» **EXERCISE DESCRIPTION**:
Beneath this line are entries. Copy the range from the line with "Америка госпиталь. Город" to the line with "Soleil de pierre", ends included, exactly; leave pictures out.

» **TASK INPUT**:
┌──
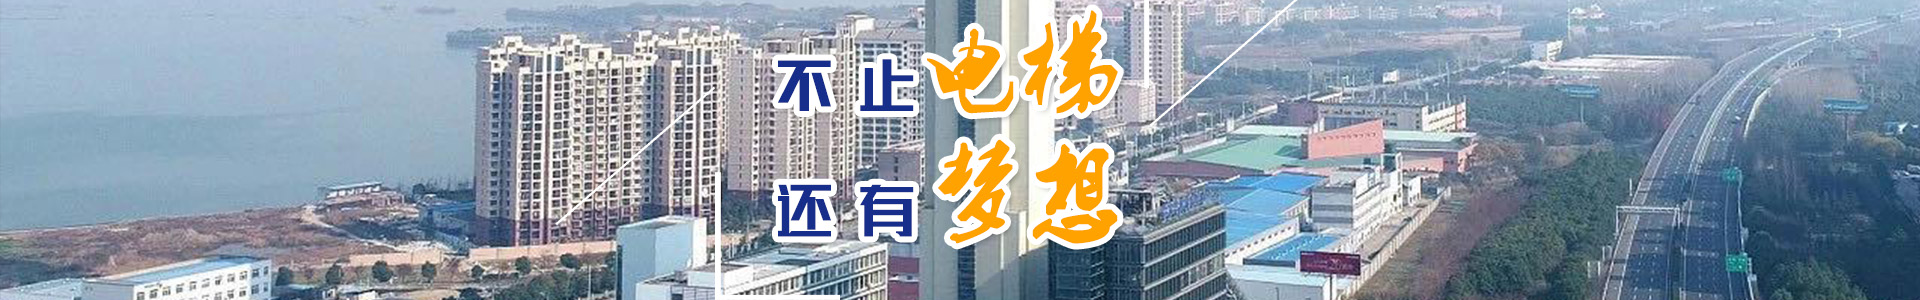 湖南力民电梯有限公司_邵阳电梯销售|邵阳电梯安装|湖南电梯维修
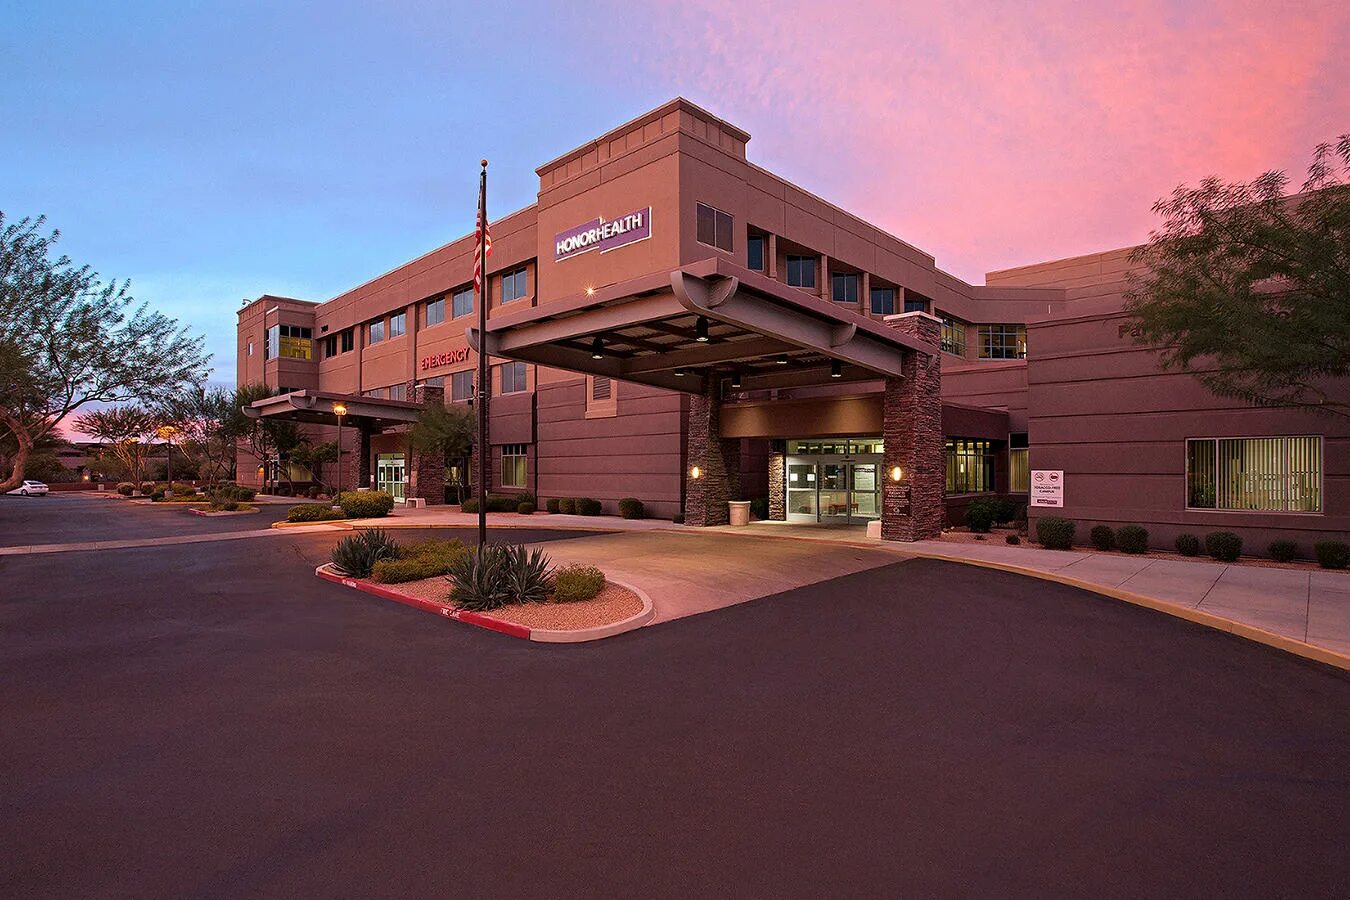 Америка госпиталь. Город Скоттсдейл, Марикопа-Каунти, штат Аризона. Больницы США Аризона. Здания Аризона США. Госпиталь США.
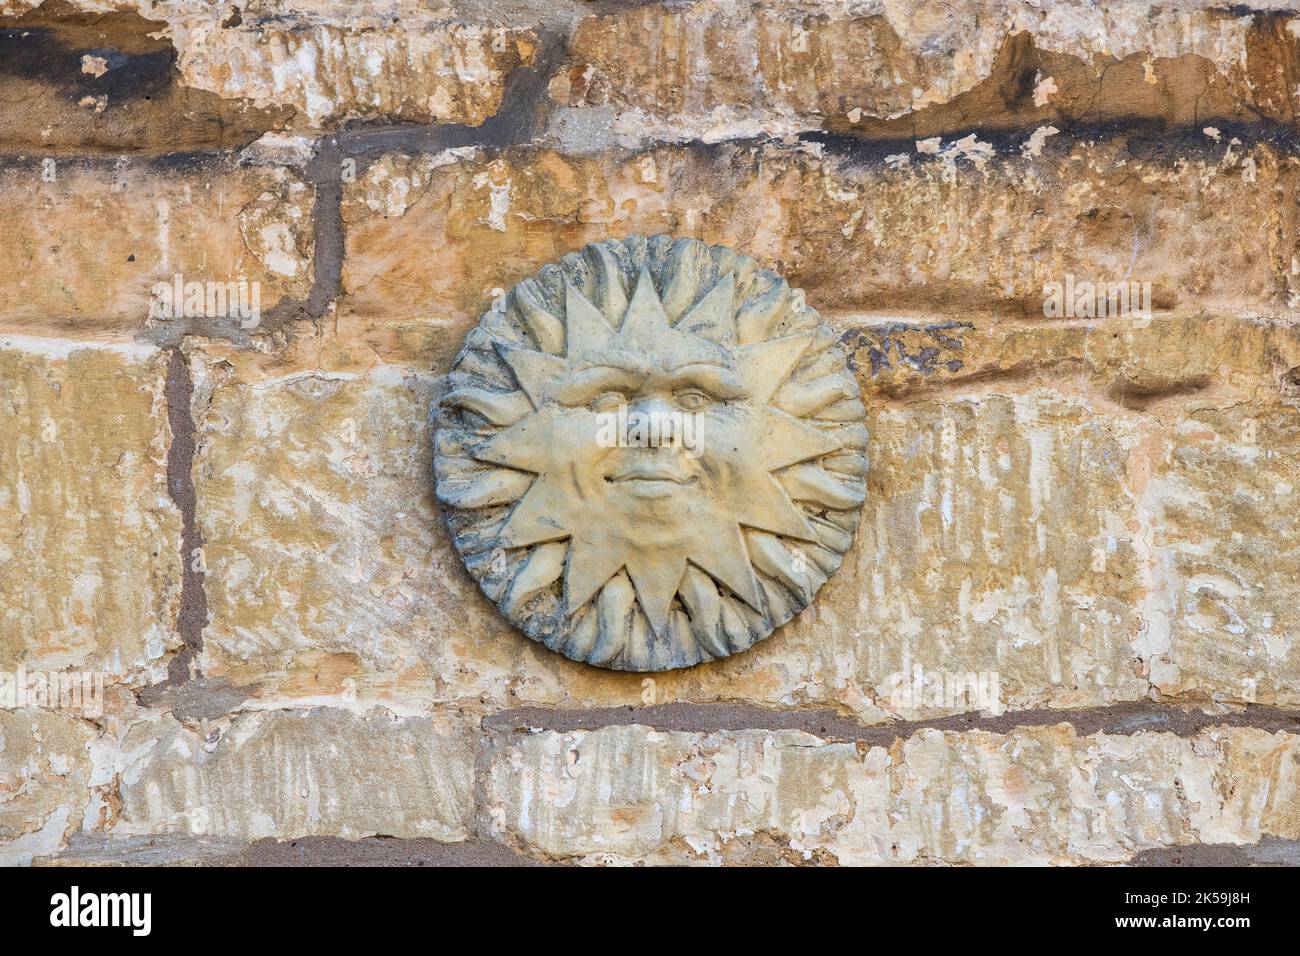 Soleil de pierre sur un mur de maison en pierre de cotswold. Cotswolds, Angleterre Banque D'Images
└──
┌──
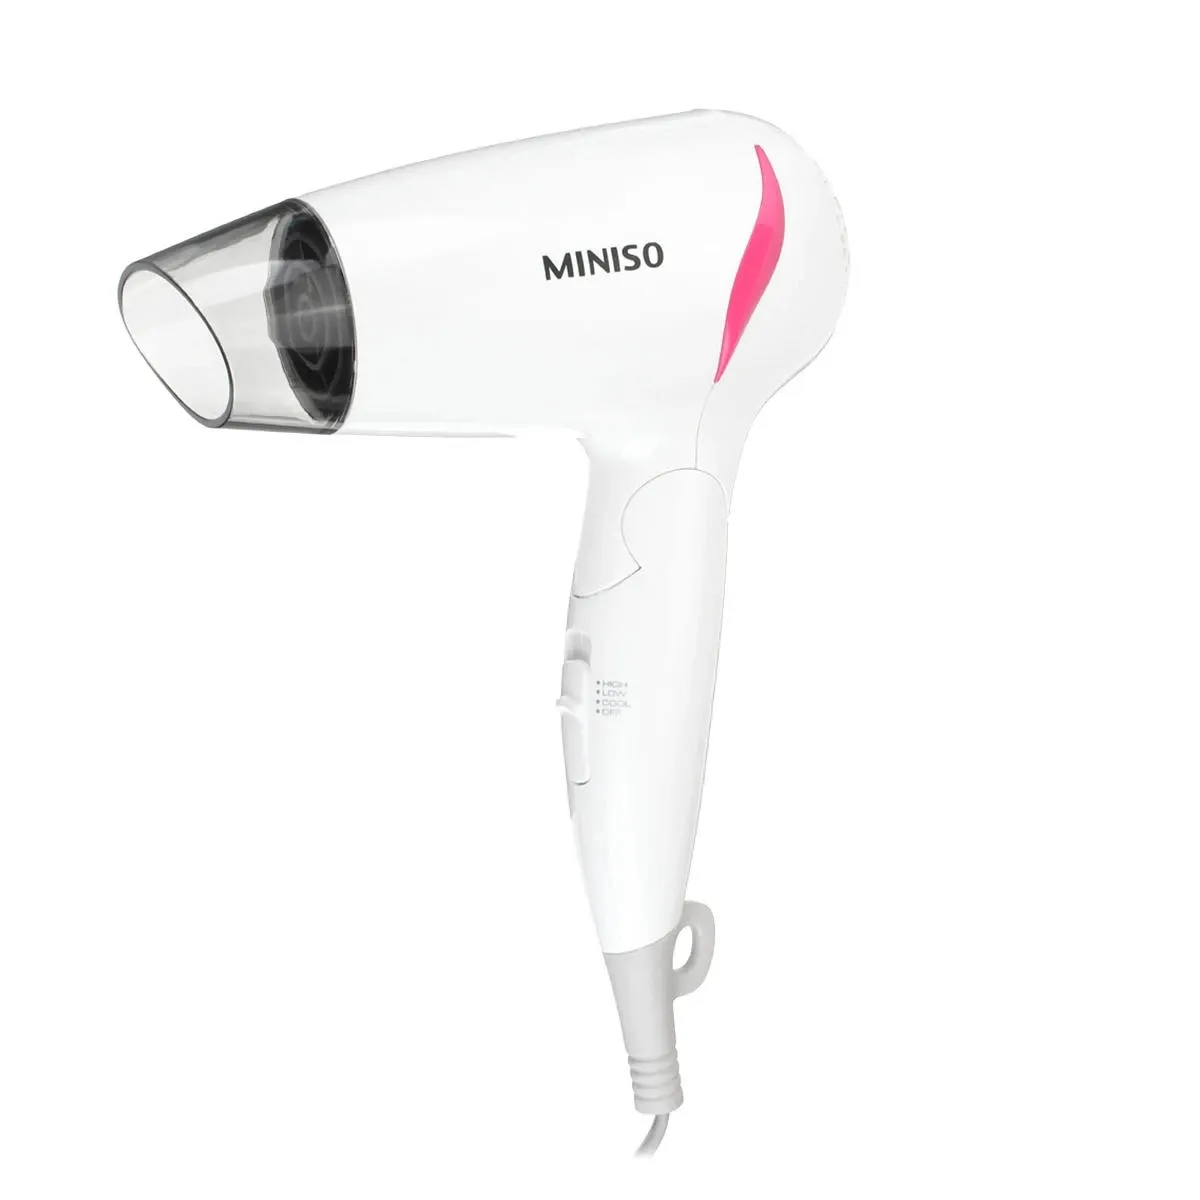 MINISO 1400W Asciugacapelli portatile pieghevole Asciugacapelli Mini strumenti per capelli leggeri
└──
» **SOLUTION TO THIS PROBLEM**:
 Америка госпиталь. Город Скоттсдейл, Марикопа-Каунти, штат Аризона. Больницы США Аризона. Здания Аризона США. Госпиталь США.
 Soleil de pierre sur un mur de maison en pierre de cotswold. Cotswolds, Angleterre Banque D'Images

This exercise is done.